_Task requirements_
Dropping every picture, set down exactly the lines in the entries below, starting with the line with "EXIT Summer of Love 2017" and going on through the line with "louis vuitton bed".

_Records supplied_
-- Opening Marker --
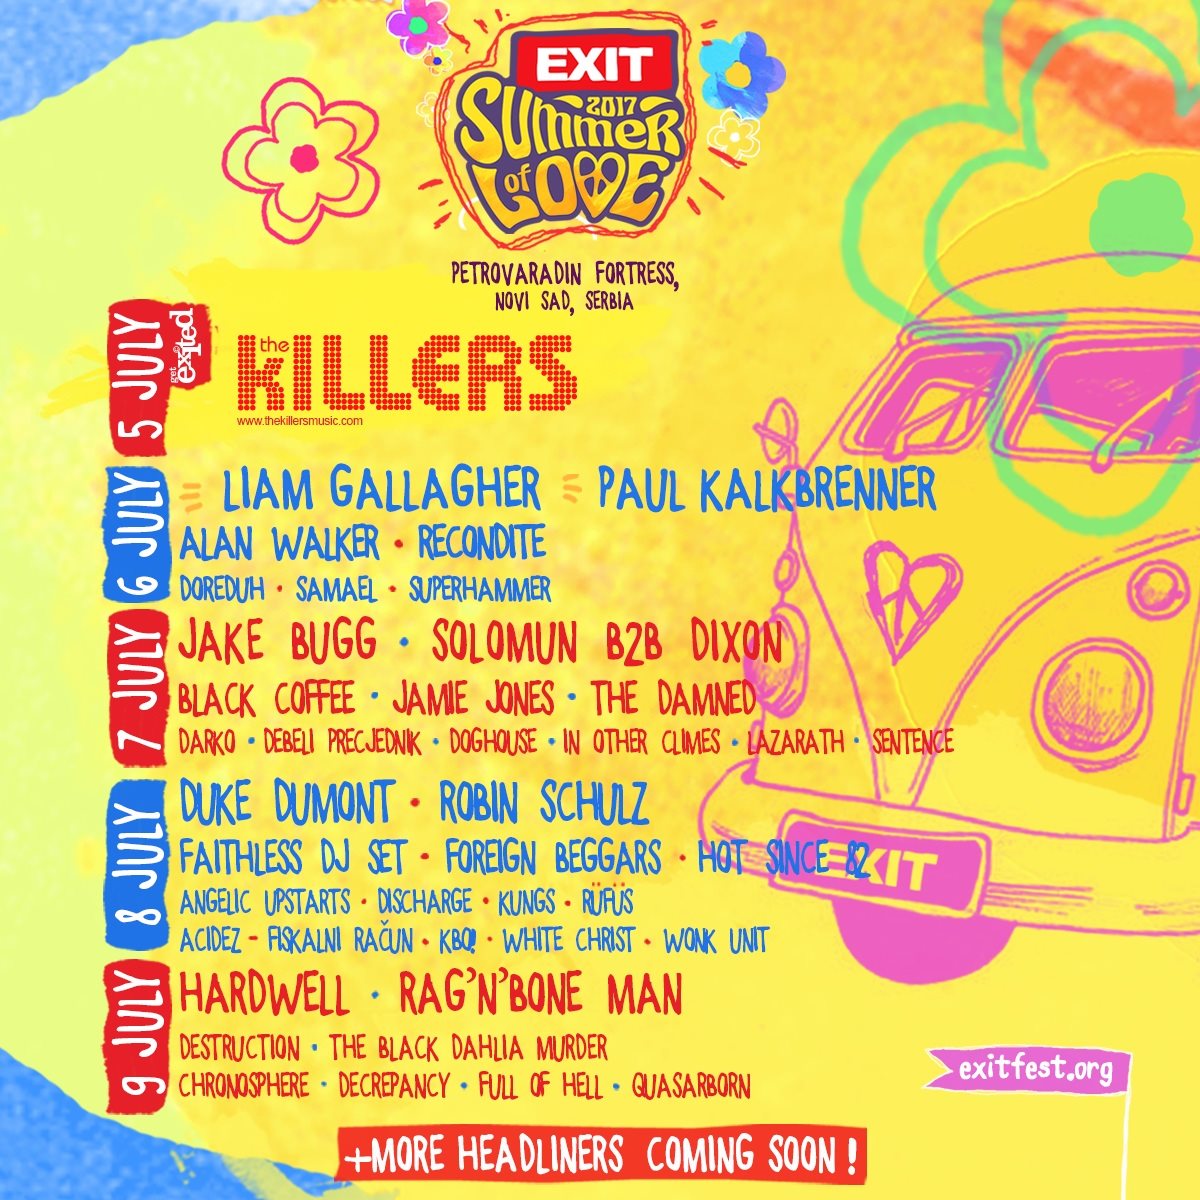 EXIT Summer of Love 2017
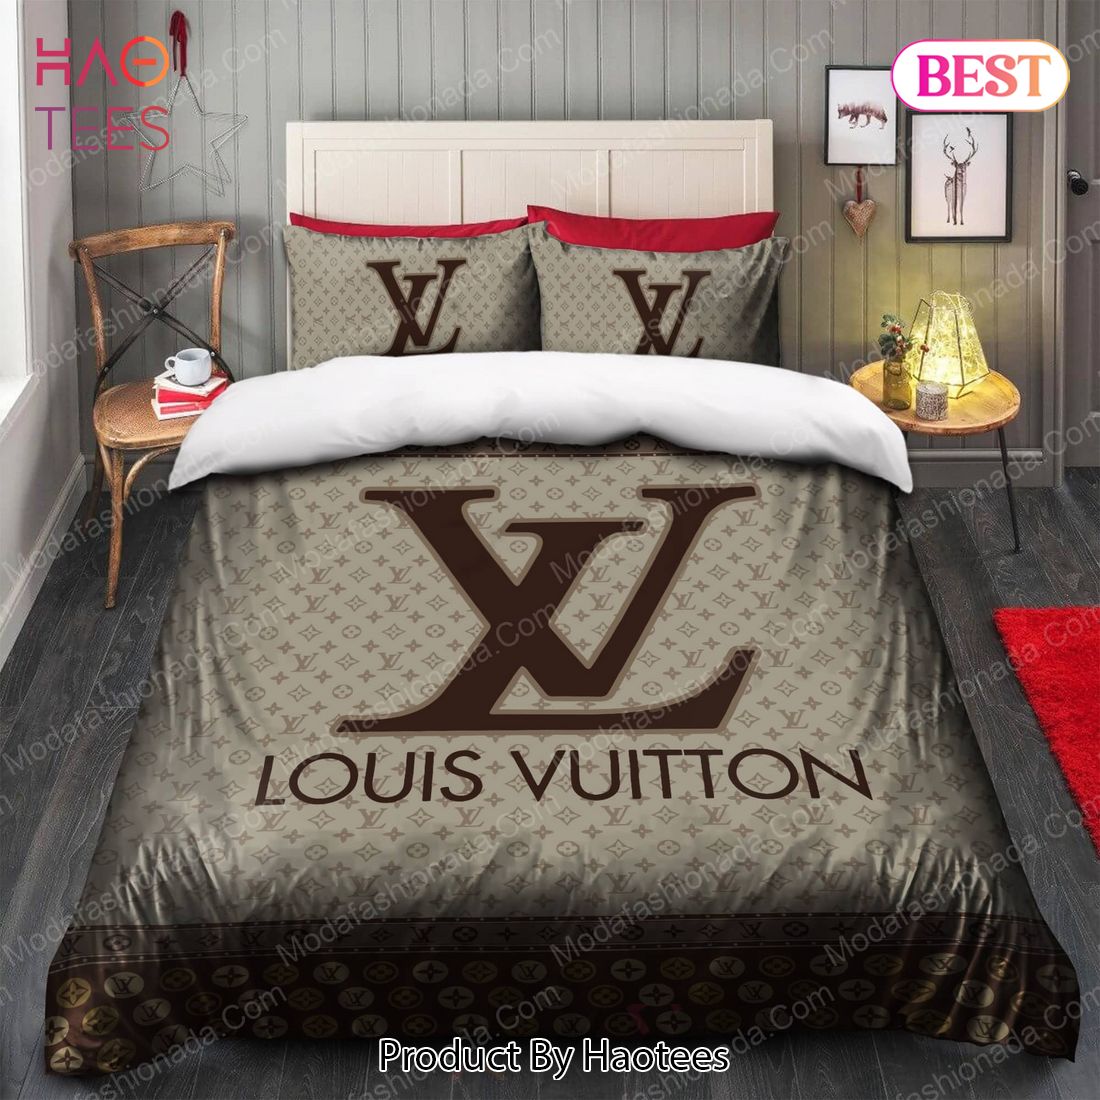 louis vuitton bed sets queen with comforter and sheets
-- Closing Marker --
-- Opening Marker --
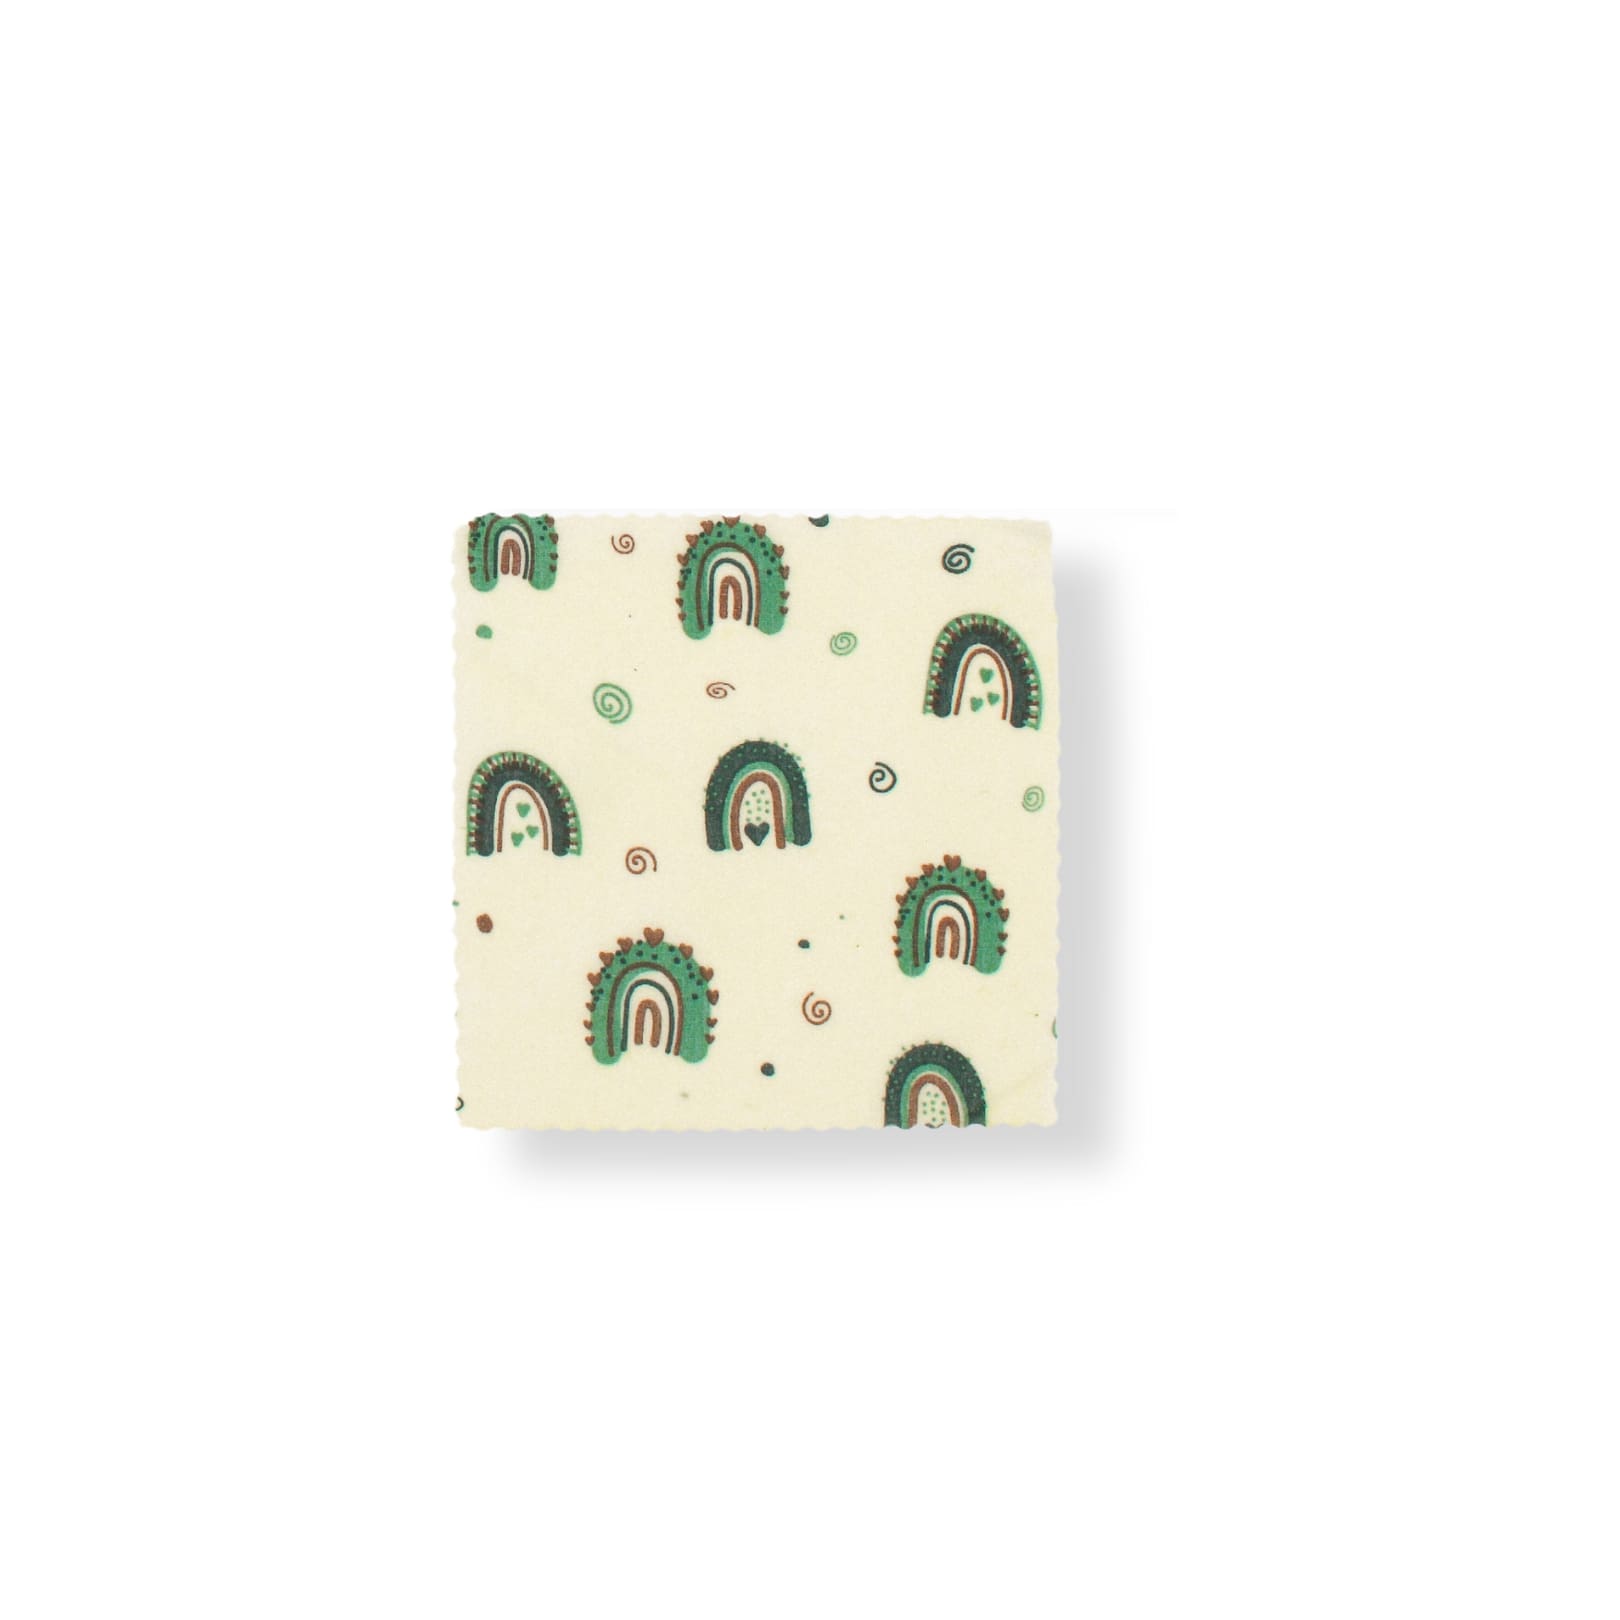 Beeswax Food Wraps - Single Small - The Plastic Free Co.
-- Closing Marker --
_Your solution_
 EXIT Summer of Love 2017
 louis vuitton bed sets queen with comforter and sheets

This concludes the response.